Доктор бросился баронессе навстречу, и теперь она шла с ним под руку; несмотря на все искусство владеть собой, доктор казался слегка встревоженным и смущенным. Милейший Дженкинс думал воспользоваться этим вечером, чтобы примирить своего друга Эмерленга со своим другом Жансуле, примирить двух самых богатых своих пациентов, вражда которых создавала для него большие затруднения. Набоб лучшего и не желал. Он не питал неприязни к своему бывшему товарищу. Причиной их ссоры была женитьба Эмерленга на одной из фавориток покойного бея. «Словом, дамские дела», — говорил Жансуле и добавлял, что был бы счастлив с этим покончить, ибо всякая длительная неприязнь была тягостна для его экспансивной натуры. Но барон, очевидно, был не расположен к примирению; вопреки обещанию, которое он дал Дженкинсу, его жена приехала одна, к великой досаде ирландца.

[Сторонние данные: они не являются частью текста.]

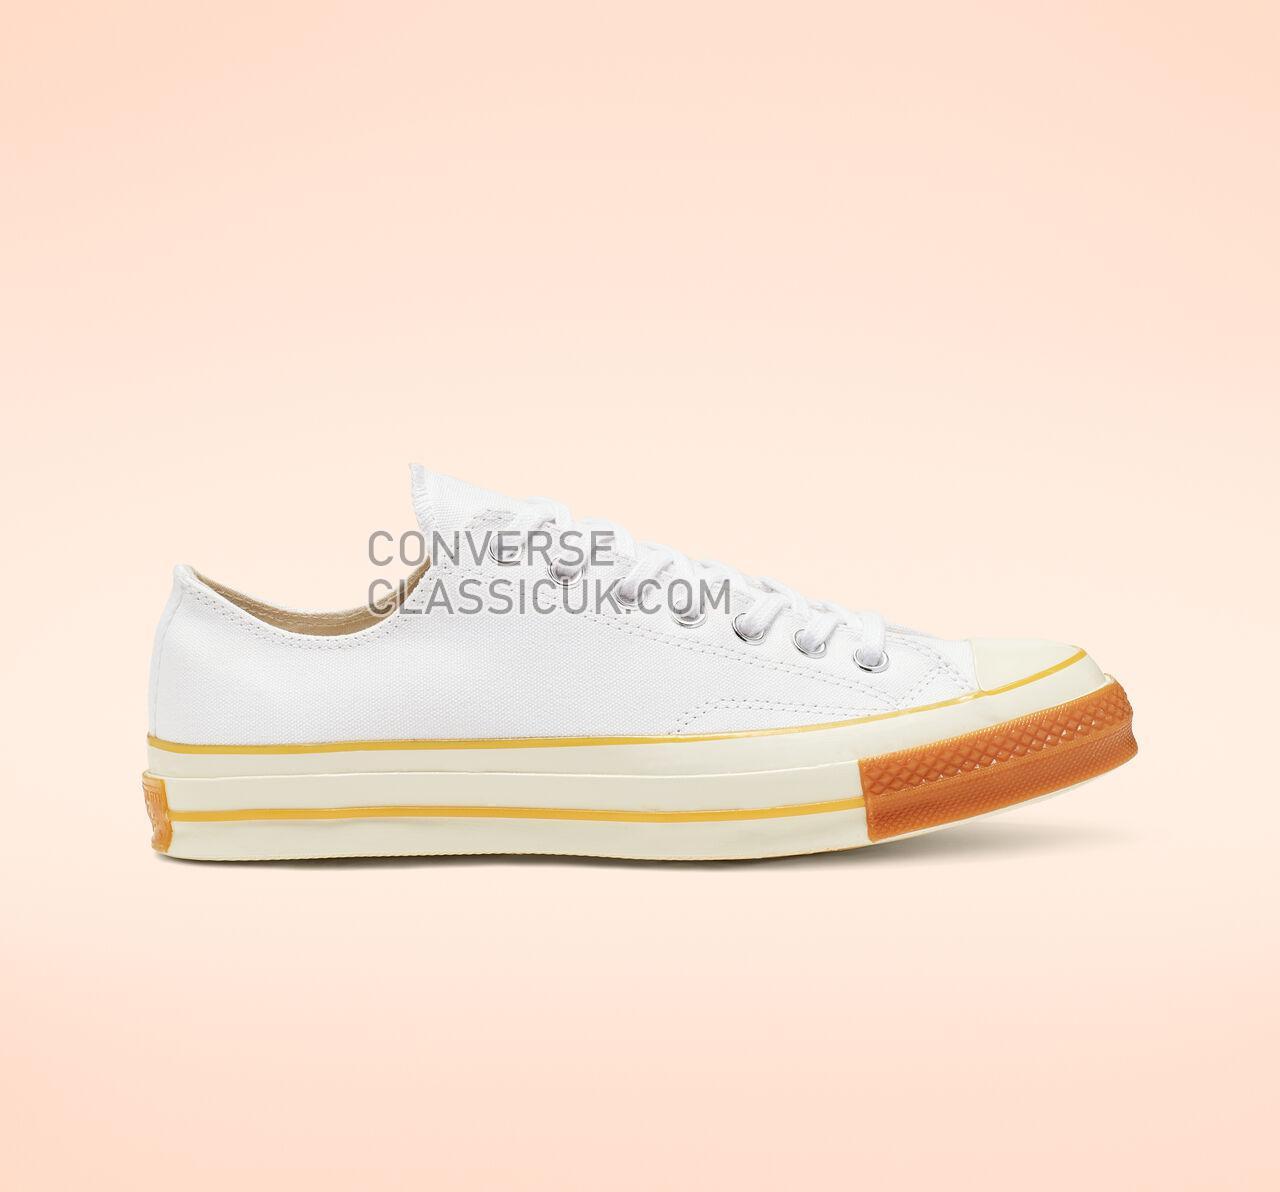 Converse Chuck 70 Pop Toe Low Top Mens Womens Unisex 165722C White/Egret/Gum Honey Shoes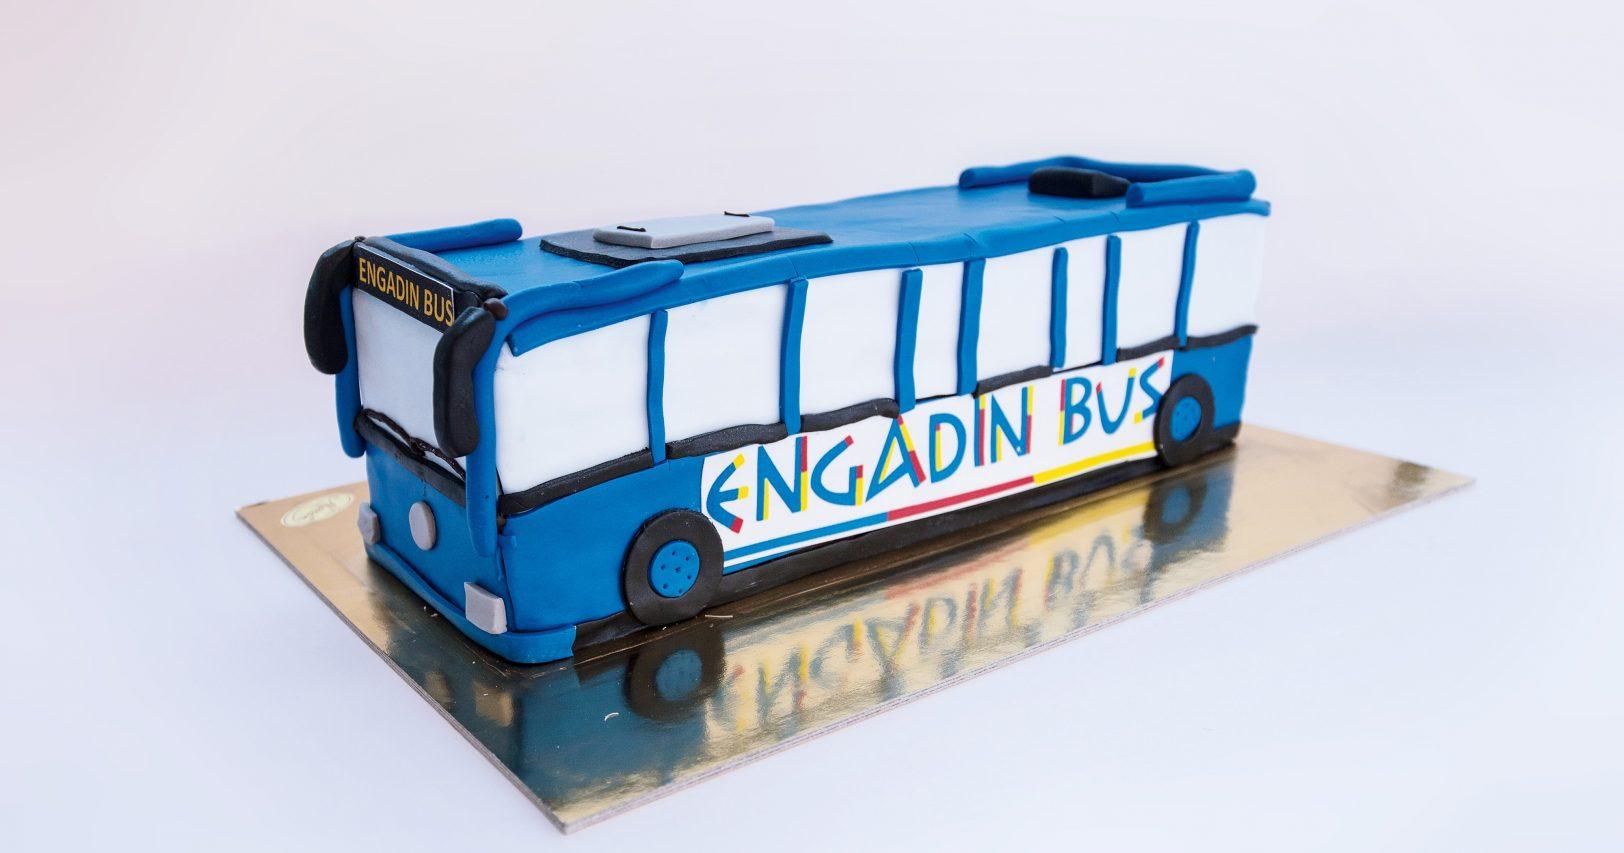 Alles Gute und auf die nächsten 50 Jahre wünscht das Engadin Bus Team!

Это была высокая, худощавая, хрупкая женщина с необычайно густыми изогнутыми бровями, моложавая и застенчивая (несмотря на ее тридцать лет, ей можно было дать не более двадцати); черные, цвета воронова крыла, волосы, усыпанные бриллиантами, были украшены зеленью и колосьями. Своими длинными ресницами, бледностью лица и той прозрачностью кожи, которая характерна для женщины, долгие годы прожившей затворницей, она, несколько стесненная парижским нарядом, походила не столько на былую пленницу гарема, сколько на монахиню, отказавшуюся от своего обета и вернувшуюся к мирской жизни. Благочестивый взгляд, что-то елейное в обращении, особая, свойственная духовным лицам манера ходить, потупив глаза, прижав к талии локти и скрестив руки на груди, усвоенная ею в том набожном кругу, в котором она вращалась после своего недавнего крещения, довершали ее сходство с монахиней. Нетрудно себе представить, до чего было возбуждено любопытство светского общества этой бывшей одалиской, превратившейся в ревностную католичку, которая шла в сопровождении мертвенно-бледного человека, похожего на пономаря в очках, лионского депутата Лемеркье, доверенного Эмерленга, сопутствовавшего баронессе, когда барон «бывал не совсем здоров», как, например, сегодня вечером.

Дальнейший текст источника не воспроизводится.